Thursday, October 30, 2014

An offline StackOverflow clone

My current organization operates in private networks (no connectivity with the internet AT ALL). Beyond the regular arguments of "I don't have Facebook!" / "I can't read the news every 5 minutes!", there are some other, more serious problems: developing software is really hard with no access to the internet. Just think about it: when you write code, how many times a day do you search for info or problem solutions on the web? My guess is A LOT.

Developers in my organization are struggling with this issue, and iv'e seen the pain in their eyes when they are forced to look for an unoccupied internet computer. They have one internet computer per team, at best, and these too loose connectivity from time to time.

This issue is a major productivity killer, to which no one seriously addressed before. So, a few months ago I woke up in the morning and thought to myself: "Why shouldn't I bring the internet to them?". I figured that the most cost-effective thing to do was to bring some kind of a clone of StackOverflow into the network. This is a single source of data being used a lot by every developer.

Luckily, As it turns out, StackOverflow publishes its data as XMLs, every 3 months! It was a real pain getting the data in (it's 14GB compressed), but I finally got it into the network.
Now, I could get the data, but I was still missing a GUI to display the data. I can't just download StackOverflow's site.

So I built a nice little GUI using Play Framework 2, AngularJS and Twitter Bootstrap. That took about a week (maybe some day I will publish it, although it's not hard to build yourself).

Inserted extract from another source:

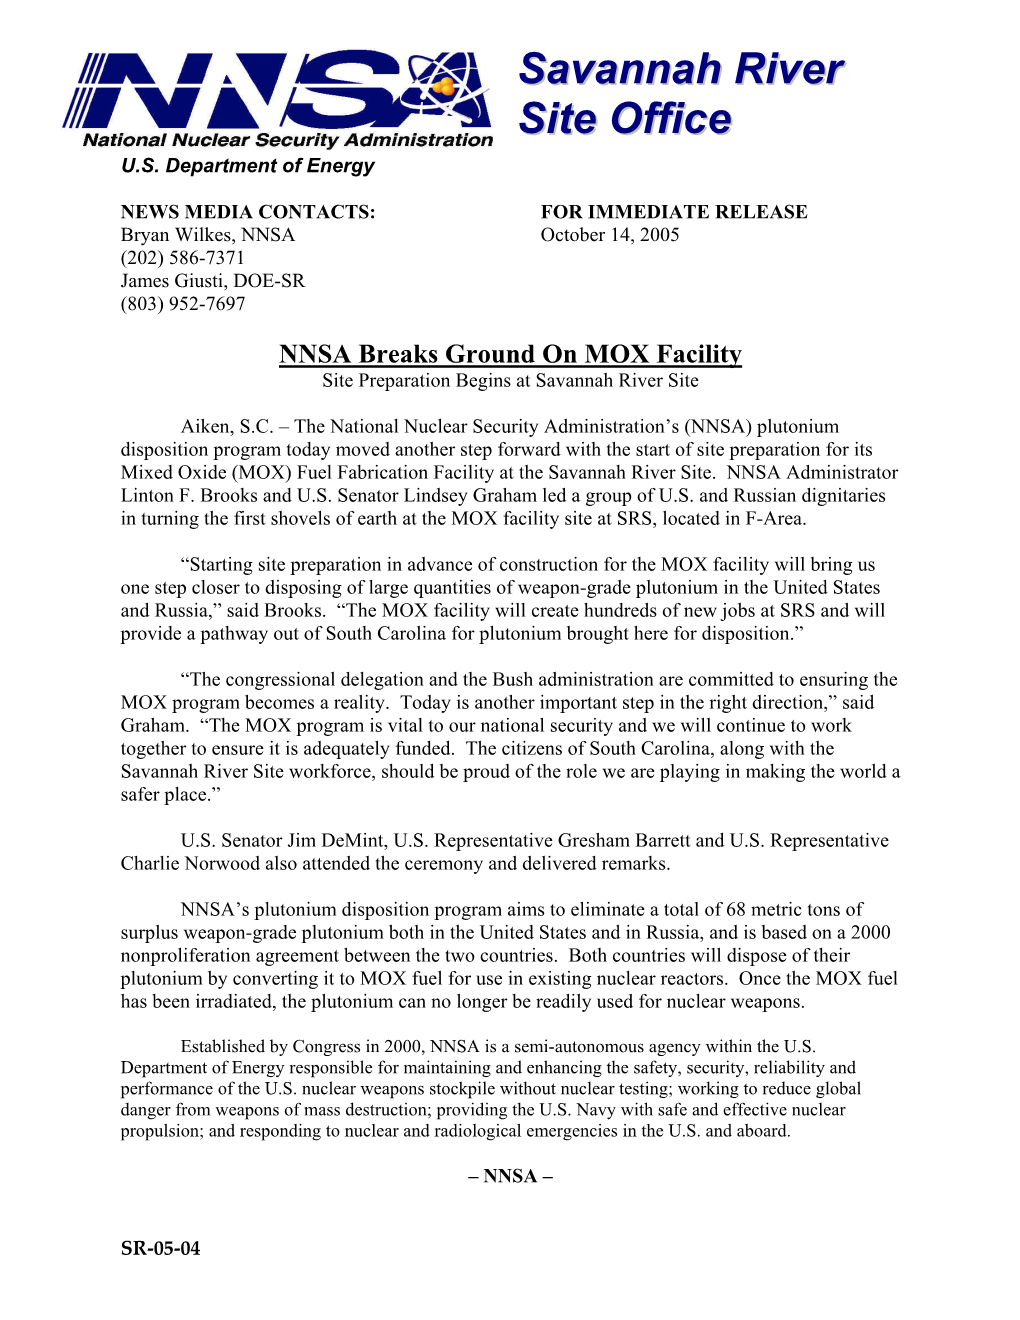 DOE Press Release-NNSA Breaks Ground on MOX Facility
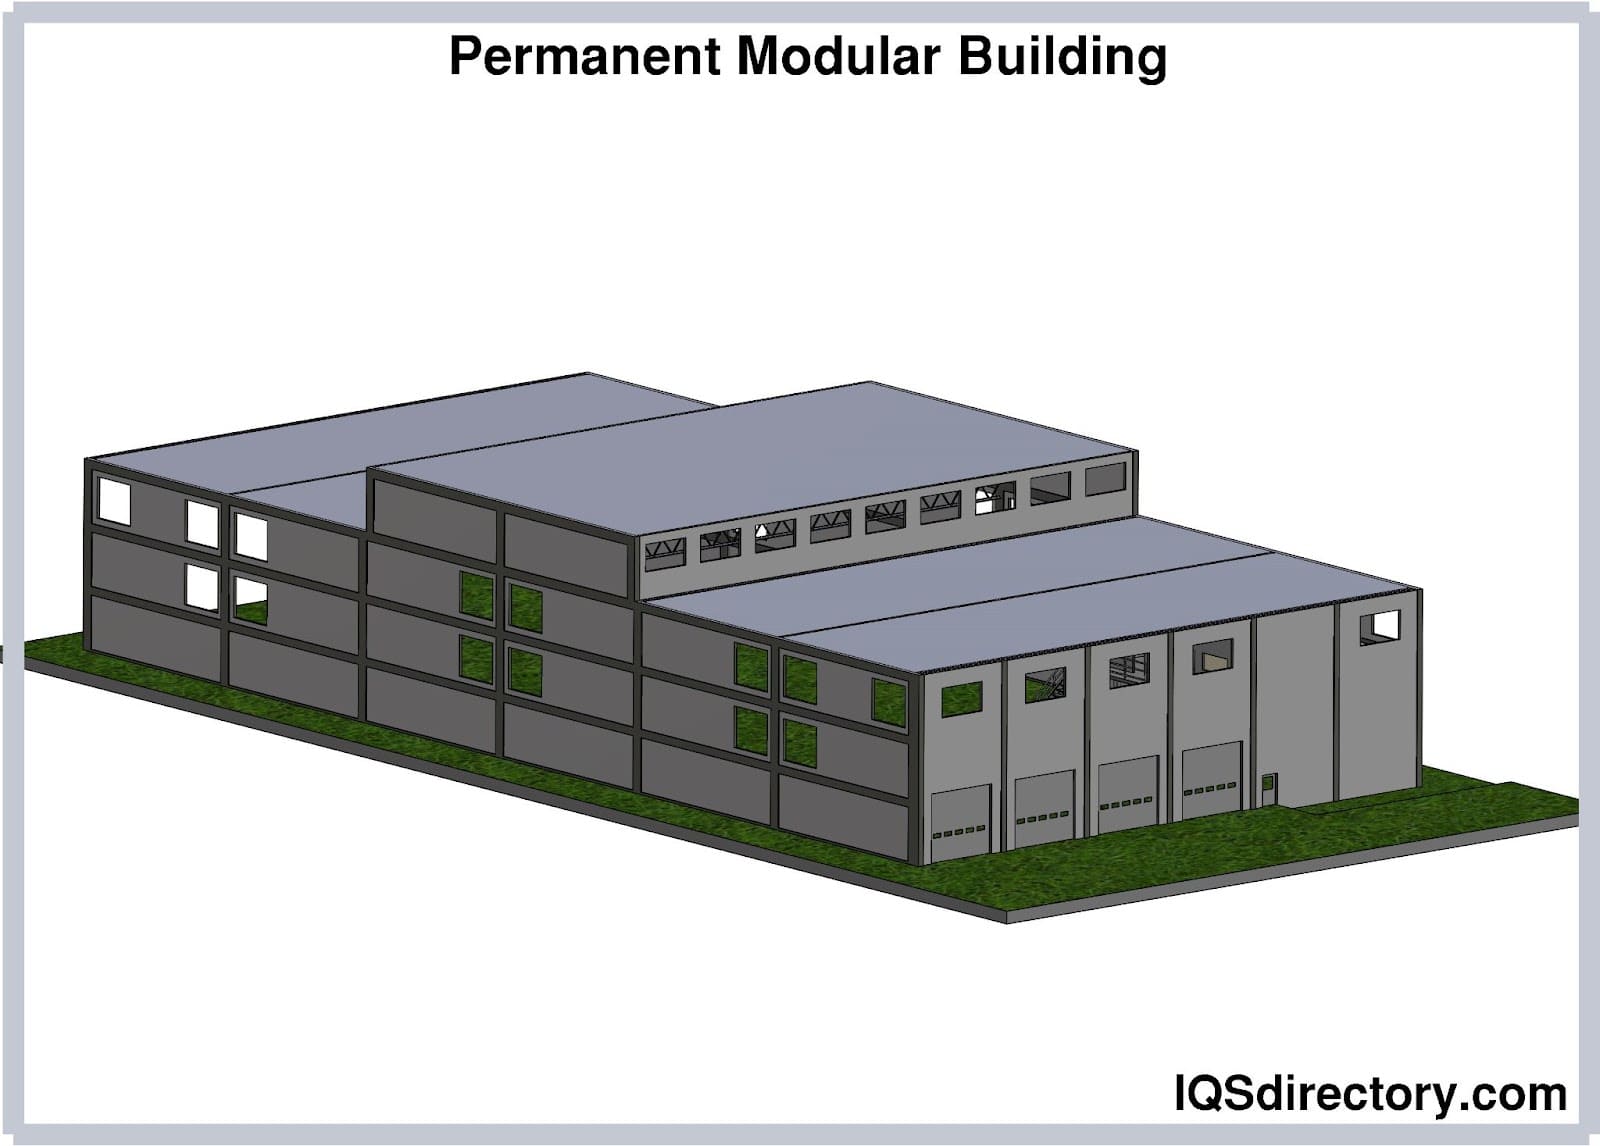 Permanent Modular Building

I still had to find a solution for the data storage. The final architecture of the app was a web interface talking directly to a Elasticsearch node holding all the data. Getting the data in was not too fun - I wrote some Python scripts that took the XMLs, transformed them to JSONs (since Elasticsearch is a JSON document storage), and sent them (using cURL) to the Elasticsearch node. The uploading process took awhile, because of the large data volumes.

Currently, the application is running for several months and my organization has slightly happier developers (~600). :)

The project (named XXXOverflow - XXX being the name of the organization) apparently inspired some other developers that suggested all kind of interesting ideas for the application. In the future we plan to expand the searching sources of the application, and make it a highly customized little Google for the devs in my organization.

Other organizations, which are in the same position (disconnected from the internet), have asked me to give them the code of the app and help them implement it in their own networks.

Some technical notes
Elasticsearch is an open source search engine solution. I used it to store the data for the app. ES is really great and it made my life so much easier. It's default search algorithm searches through 70GB of textual data with a split of a second, which is pretty amazing to me. Although when I tried to customize the ranking algorithm using their Query DSL, it really slowed down the search speed (I used ES 1.0.0).
Also, I had (and still have) issues with failing shards. It's probably the amount of data, but occasional searches just bring down shards. And not too seldom. I hope these issues will be addressed in future releases.